Workplan
People, spring 04
The staff is roughly Trond, 100 %, Saara 50
%, Tomi 20 %, Lena 10 % (?), and Pekka
- Trond
- Running the project, working mainly on disambiguation, also on
the morphological parser and on planning the corpus
- Saara
- Maintaining the project's infrastrucure, designing the pre- and
postprocessors, the cgi-bin scripts, the corpus setup, and issues such
as localisation and a bug database,
- Tomi
- Evaluating the project, writing an evaluation
report.

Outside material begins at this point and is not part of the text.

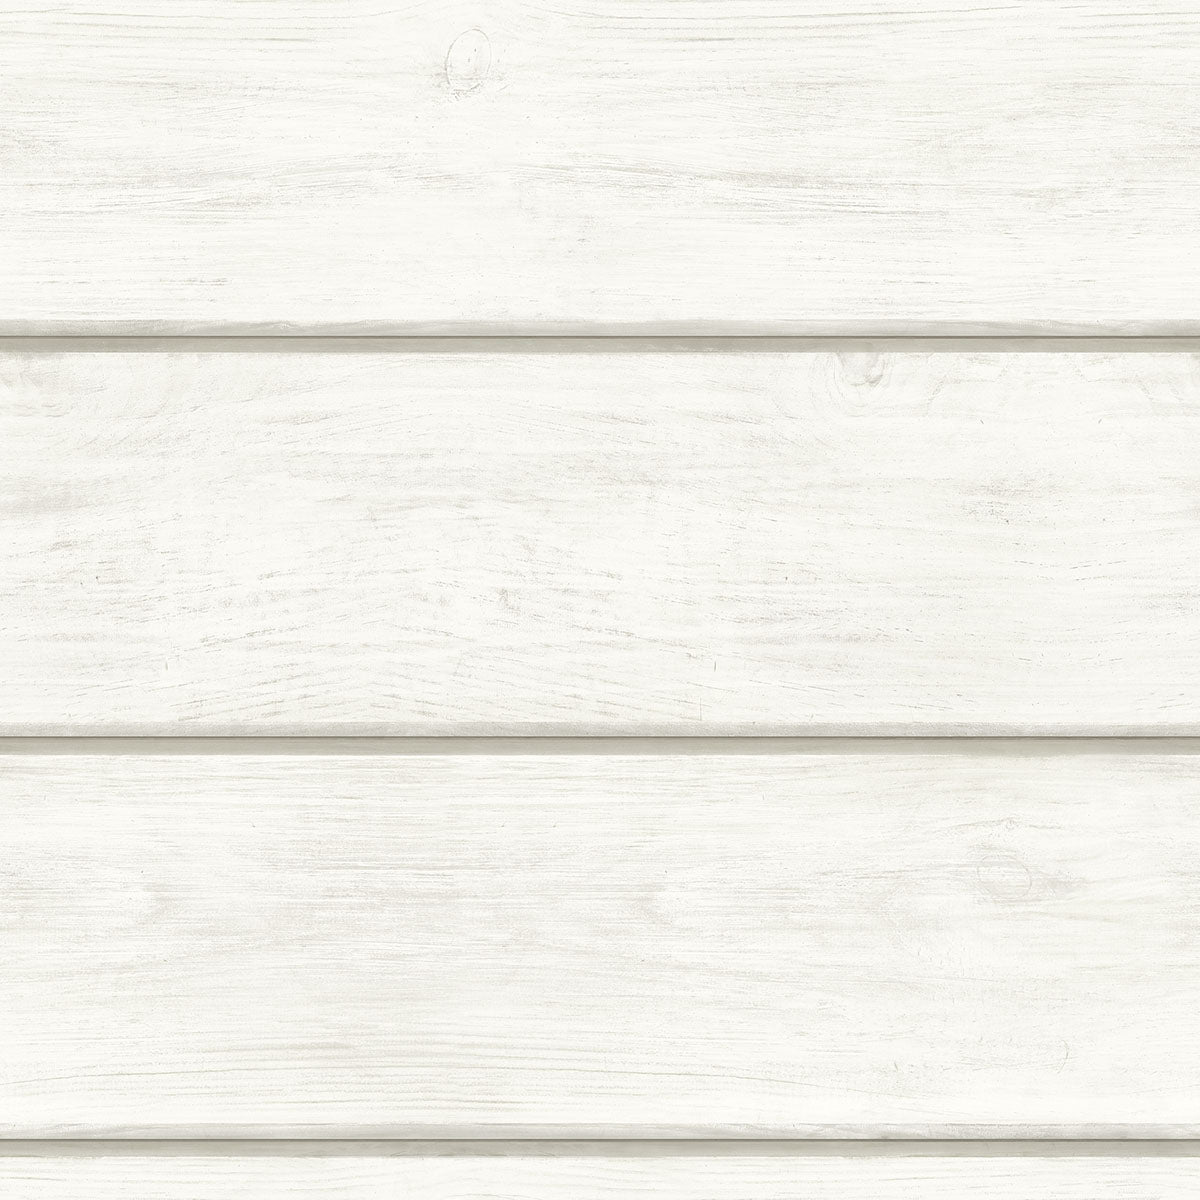 Buy 3123-12441 Homestead Cassidy White Wood Planks White by Chesapeake Wallpaper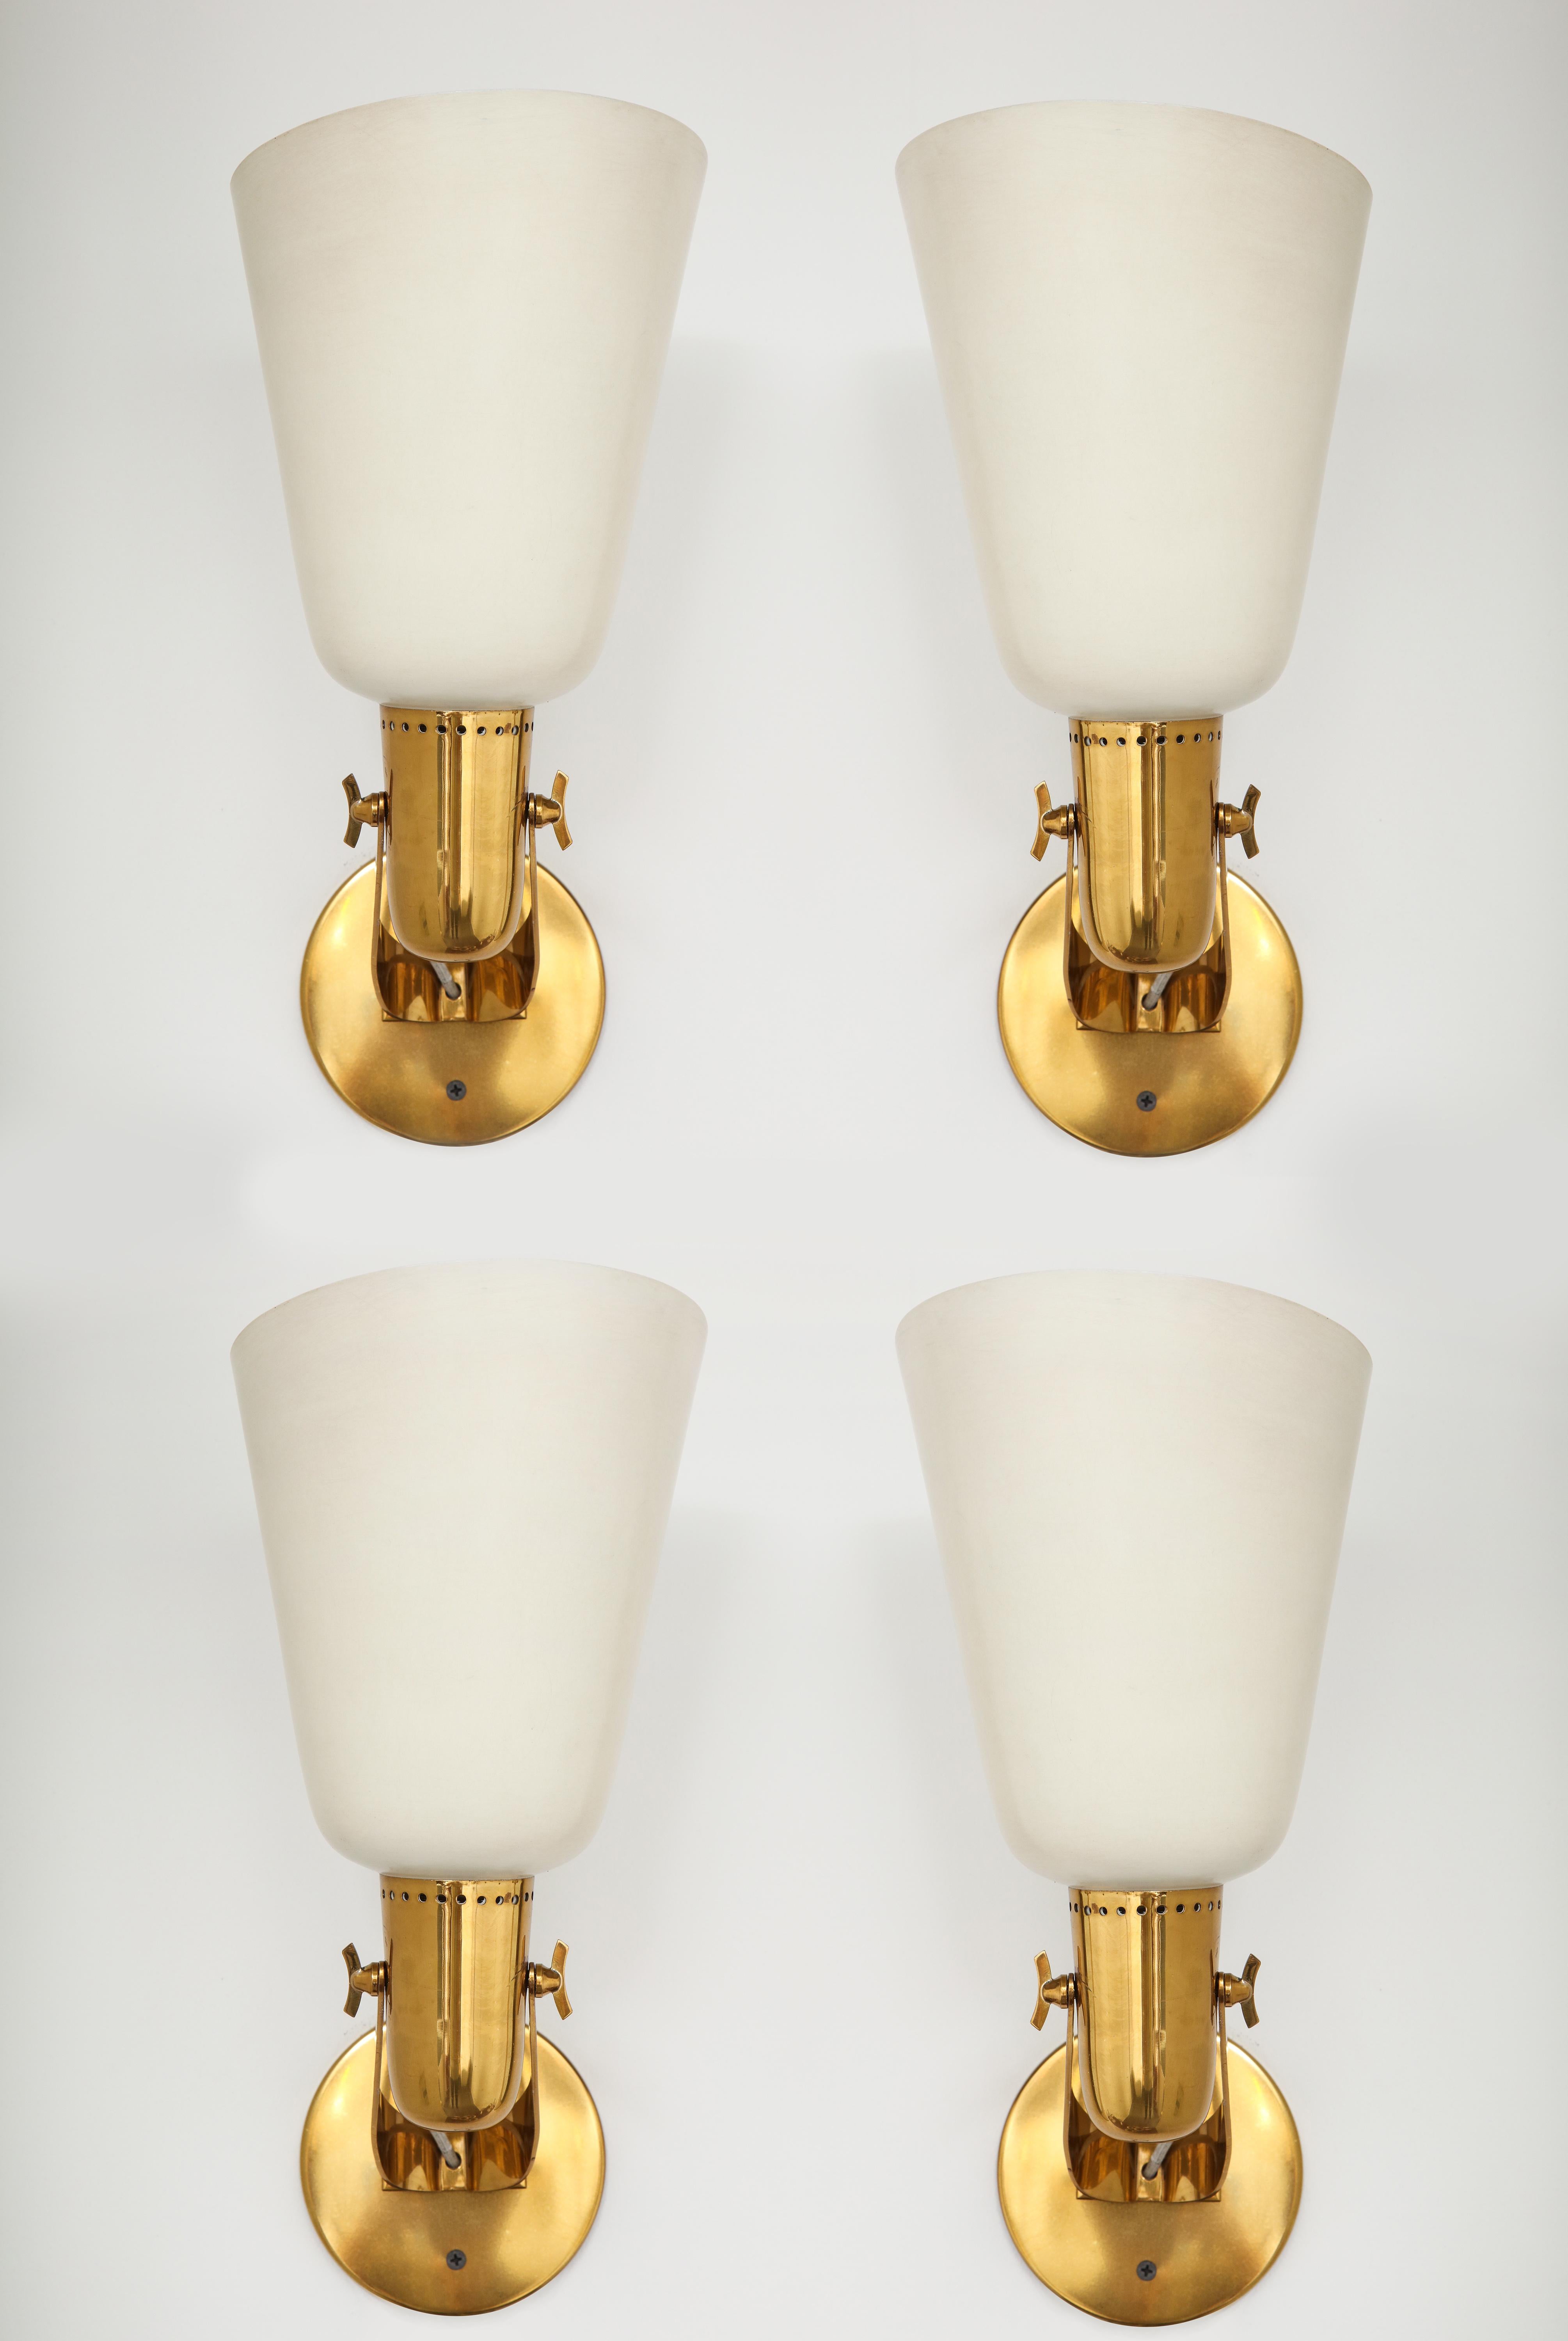 Gino Sarfatti for Arteluce very rare large set of four large sconces with cream lacquered metal shades on brass structures. These sconces are an elegant design with adjustable shades that pivot with butterfly wing nuts. In excellent original

Maintaining the morphological parser
- Lena
- Testing, working on the lexicon
- Pekka
- Strategic planning, consultant on tricky linguistic questions
Milestones
The official milestones
In our application we stated the following milestone list for the
project:
Start Finish
1 Språkuavhengig preprosessering 2004 1 2004 1
2 Infrastruktur for disambiguering 2004 1 2004 2
3 Korpusgrensesnitt - prototyp 2004 1 2004 4
4 Grunnarbeid for nordsamisk 2004 1 2004 4
5 Nordsamisk disambiguering - prototyp 2004 1 2005 2
6 Revidere morfologiske analyseprogram 2004 1 2006 4
7 Grunnarbeid for lulesamisk 2004 3 2005 4
8 Lulesamisk disambiguering - prototyp 2004 4 2005 4
9 Parallelltekstkorpora - prototyp 2005 1 2005 2
10 Korpusgrensesnitt - beta 2005 1 2005 4
11 Nordsamisk disambiguering - beta 2005 3 2005 4
12 Parallelltekstkorpora - beta 2005 3 2006 1
13 Lulesamisk disambiguering - ferdig 2005 4 2006 2
14 Nordsamisk disambiguering - ferdig 2006 1 2006 4
15 Korpusgransesnitt - ferdig 2006 1 2006 4
16 Parallelltekstkorpora - ferdig 2006 2 2006 4
Comments to the issues that start in the spring of 2004
- The language-independent preprocessor (Saara)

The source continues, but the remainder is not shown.